IR does not derive its value from telling the story. Its value lies in serving as trusted advisor for navigating the equity market.  Making the best use of shareholder resources. Understanding the money driving price and volume. You are not a storyteller.  You are the Chief Market Intelligence Officer. 

Think of the gonzo state of things.  I know what revenue every customer generates in our businesses, and what the trends are, the engagement is, the use of our data, what people click or don’t.  Yet too many public companies are spewing information to the market with NO IDEA what creates volume, why they’re traded, what sets price.

Is that wise?

So, what SHOULD we be doing?  The same thing we do in every other business discipline.  Use software and analytics that power your capacity to understand what drives returns. Do you understand what creates your price and volume?

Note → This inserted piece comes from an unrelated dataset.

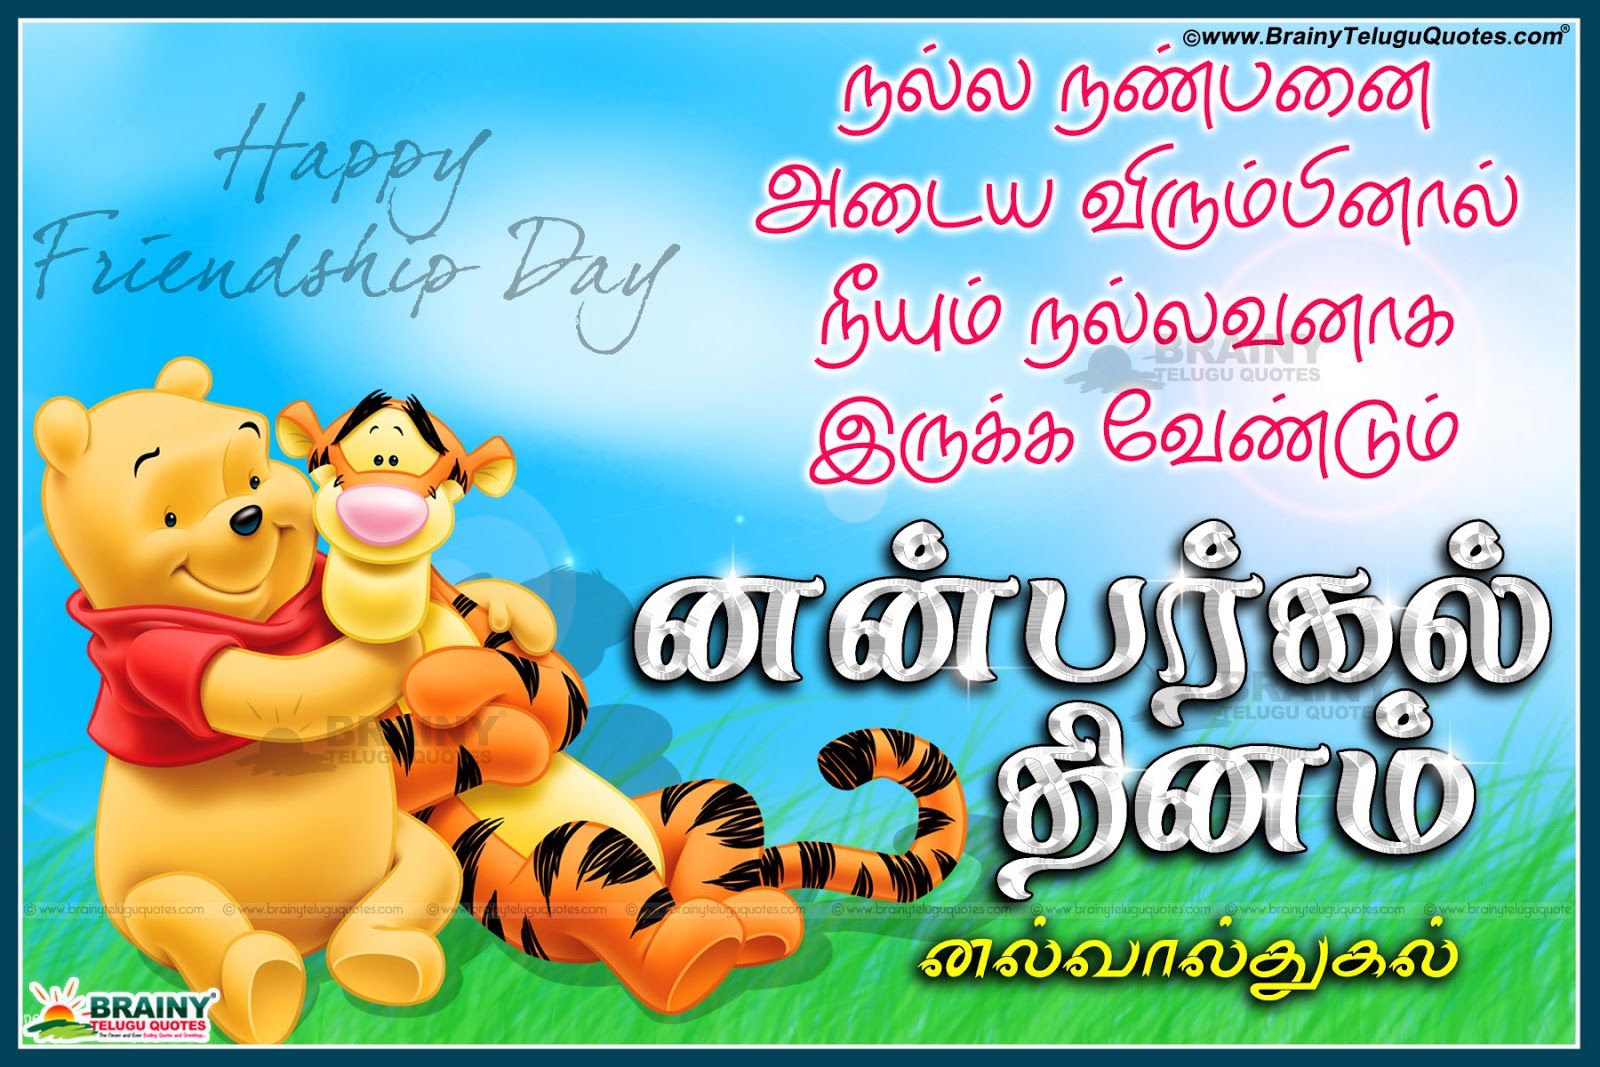 Friendship Day Latest Tamil Greetings and WhatsApp Wishes facebook
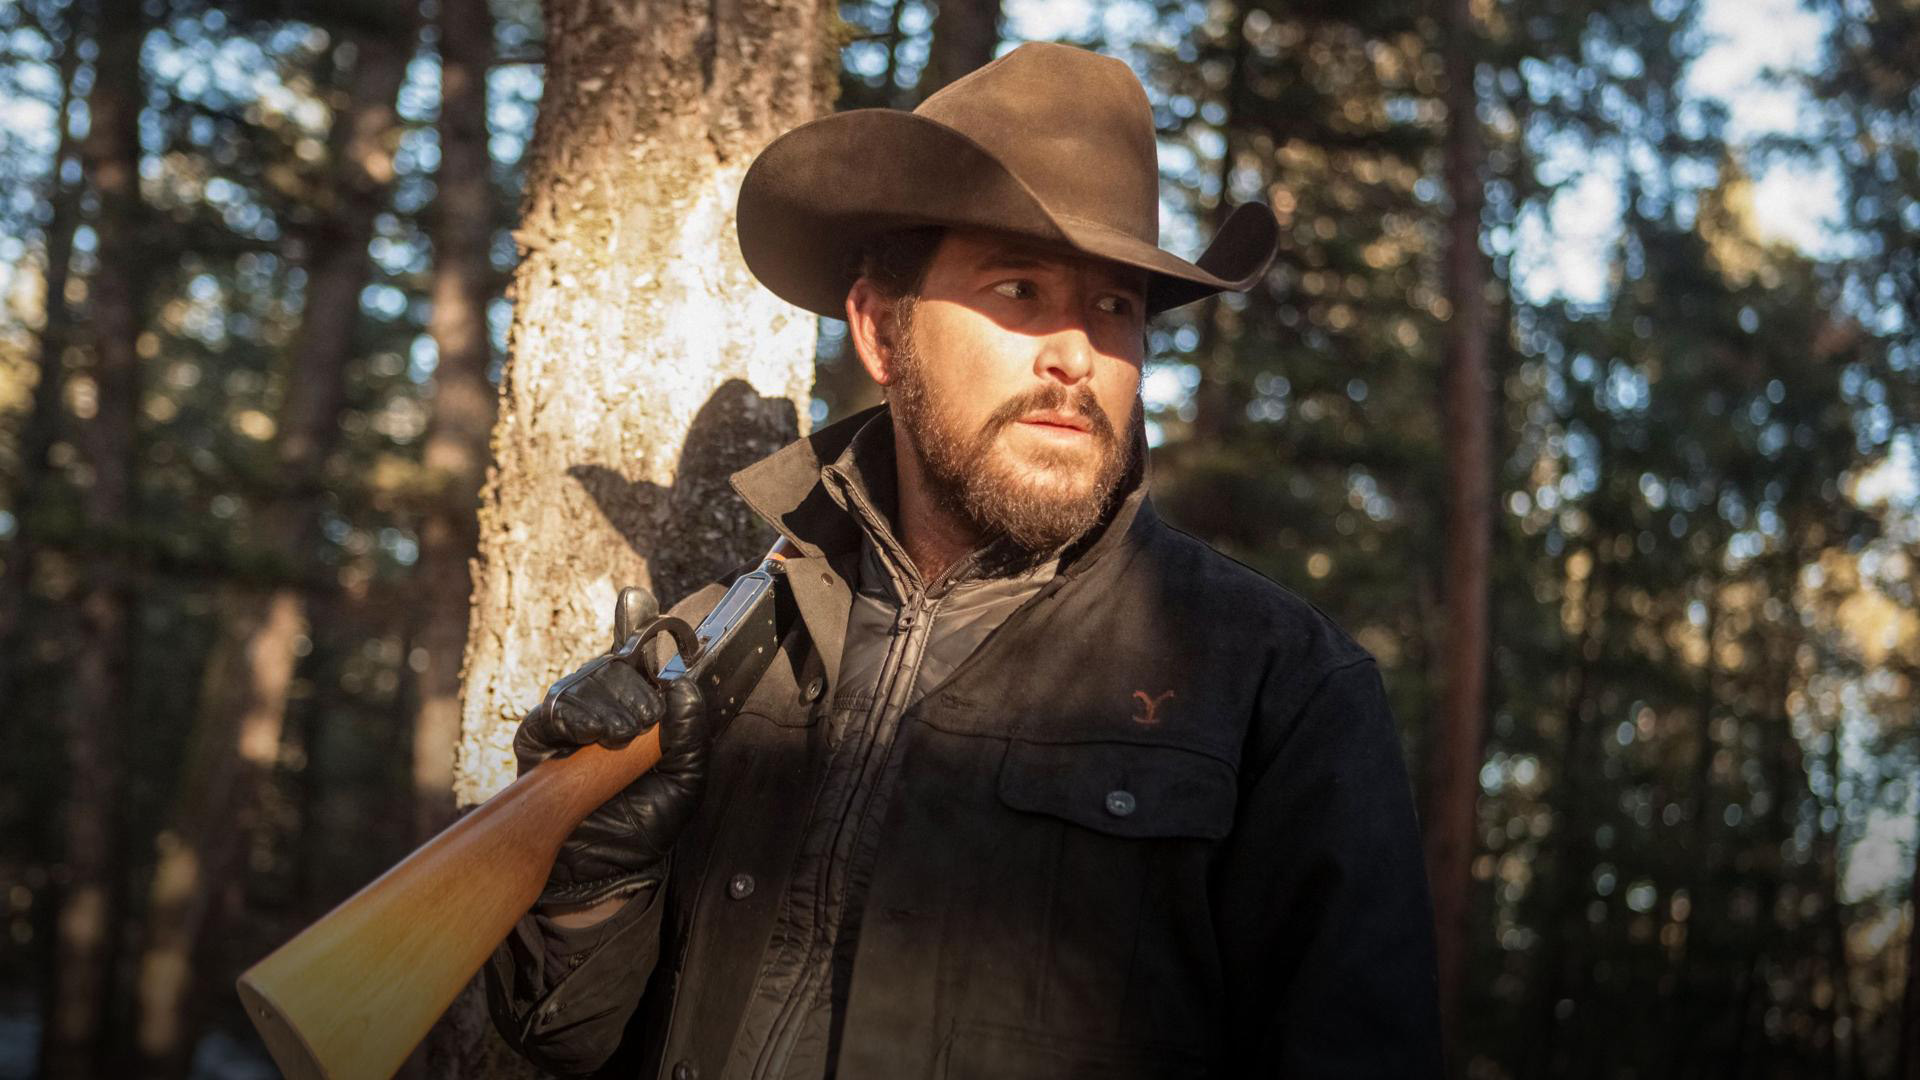 Yellowstone Star Brushes Off Cancellation Rumors as 'Drama Over Nothing'

Back to the Analyst Day. Don’t hold one because tradition says so. Do it if you benefit from it!  If your investors are fully engaged, you’re wasting their time and yours. That’s measurable.  You should know it well beforehand.

If they aren’t, set a goal and measure market reactions.  Realize that arbitragers will game your smoke plume.  That’s measurable too. Know what Active stock-pickers pay.  Know when Passives wax and wane. Know what’s happening with derivatives, and why.

Everything is measurable. But not with 1995 tools. Don’t do things just because you always have. Do them because they count.

That’s the IR profession’s opportunity, the same as it is everywhere else.